Figure 6.

Cav-1 deficiency impairs iNOS expression and reduced T cell suppression by BCG-activated MDSCs. (A) MDSCs were stimulated with BCG for 16 h at 2, 5, or 10 MOI. Cells were then harvested and G-MDSCs and M-MDSCs were separately analyzed by flow cytometry for intracellular iNOS. (B) Pooled and normalized data of several experiments as performed for (A). (C) Experimental setting as in (A) but staining for intracellular Arg1. (D) Pooled and normalized data of several experiments as performed for (C). (E) Cell supernatants from WT and Cav-1^−/− MDSCs were stimulated with BCG-GFP at 2, 5, or 10 MOI for 16 h. Then NO was measured as nitrite by Griess reaction. (F) Suppressor assay for T cell proliferation.
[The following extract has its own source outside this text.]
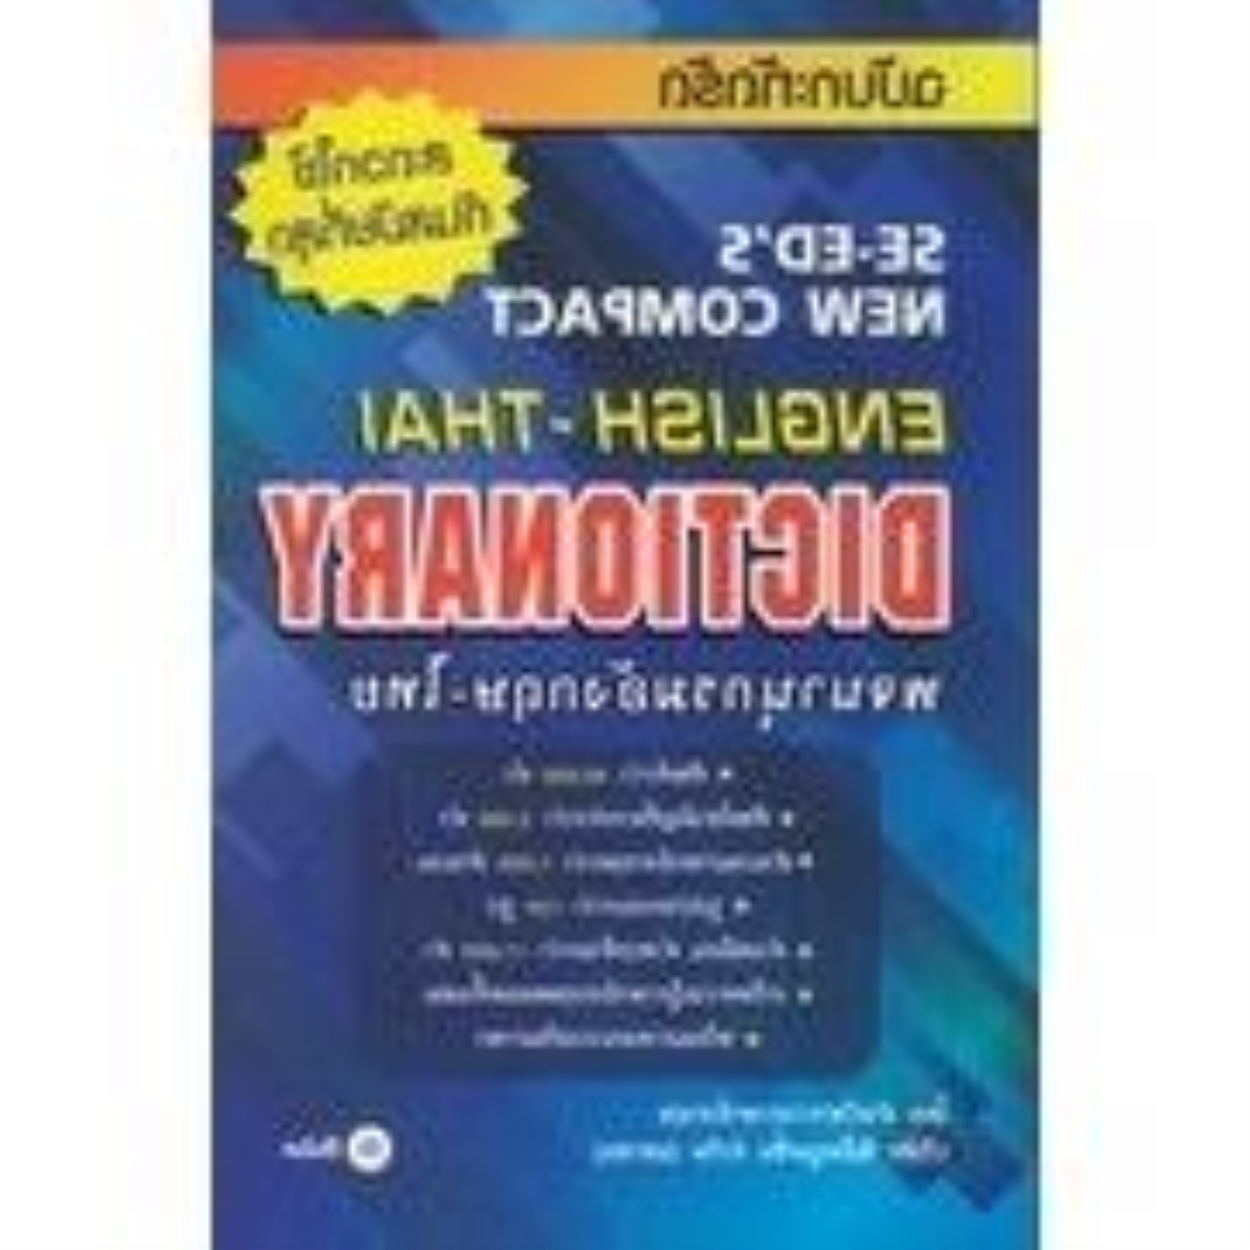 Seed (ซีเอ็ด) พจนานุกรมอังกฤษไทย ฉบับกะทััด (99 บาท)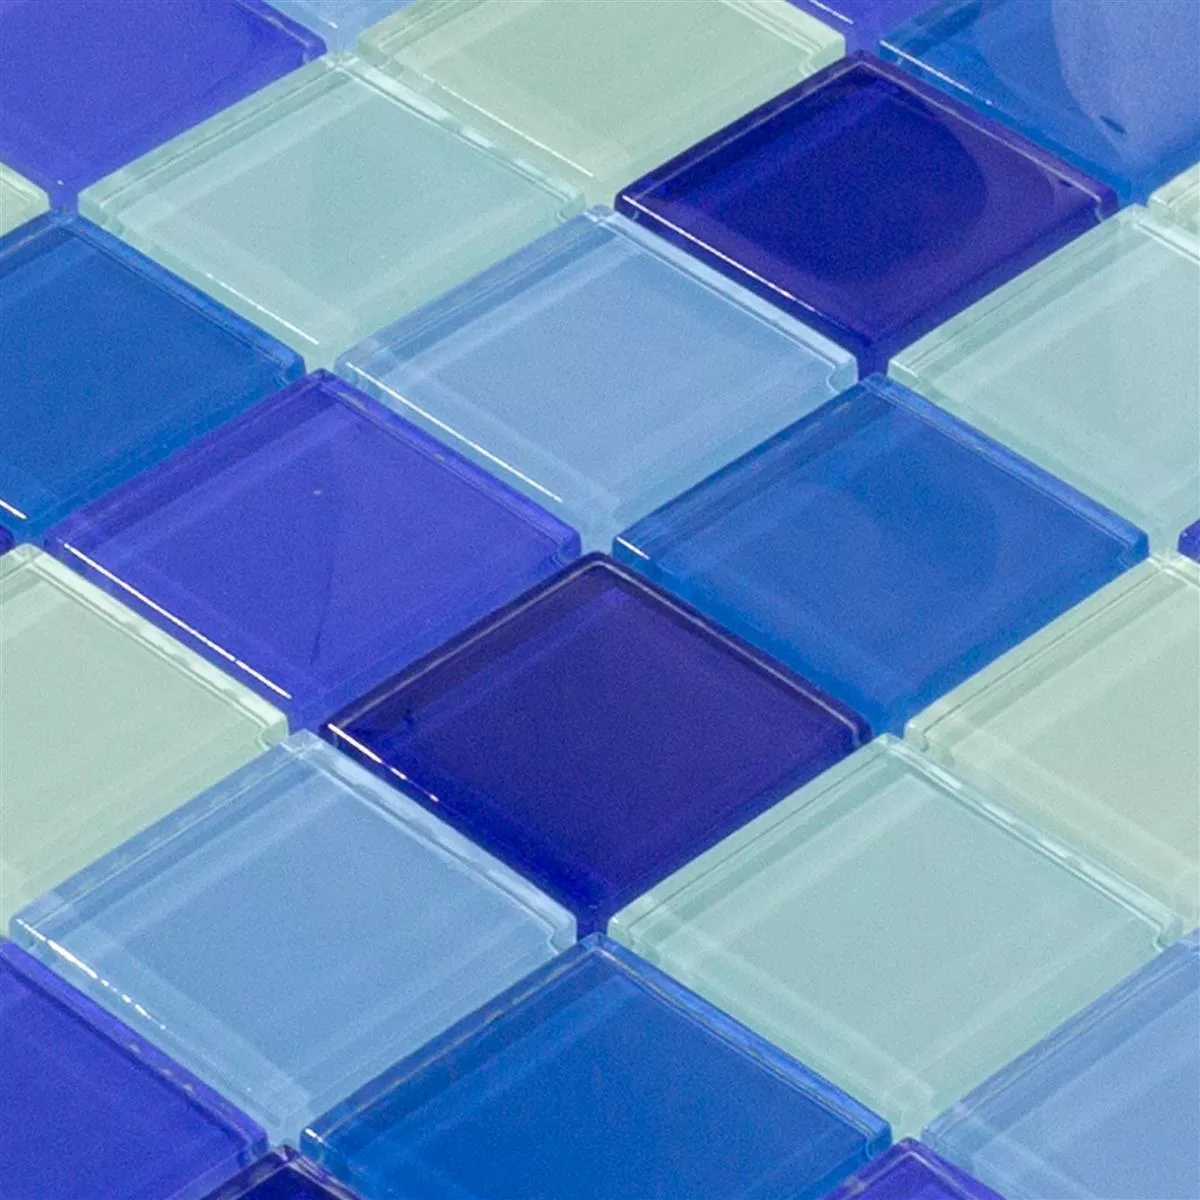 Mozaiki Szklana Płytki Glasgow Niebieski Mix

Syngeneic lymph node and spleen cells as a source of T cells were labeled with the proliferation dye Cell Trace Violet and then stimulated with anti-CD3 and anti-CD28. Then 1 h BCG pre-activated MDSCs from WT and Cav-1^−/− mice were added or, as a control, T cells remained without MDSCs. Co-cultures were analyzed after 3 days. Cells were harvested and stained for CD4 and CD8 and analyzed by FACS. T cell division is analyzed as % proliferating cells. Dotted lines indicate the gate separating Cell Trace Violet low proliferating cells from high non-proliferating cells. (G) Pooled and normalized data of several experiments as performed for F of proliferated CD8⁺ and CD4⁺ T cells. (H) Cell supernatants from the suppressor assay were measured for NO production by Griess assay. Data shown are from n = 3–7 independent experiments. ***P < 0.001; **P < 0.01; *P < 0.05; ns, not significant unpaired, two-tailed, student's t-test.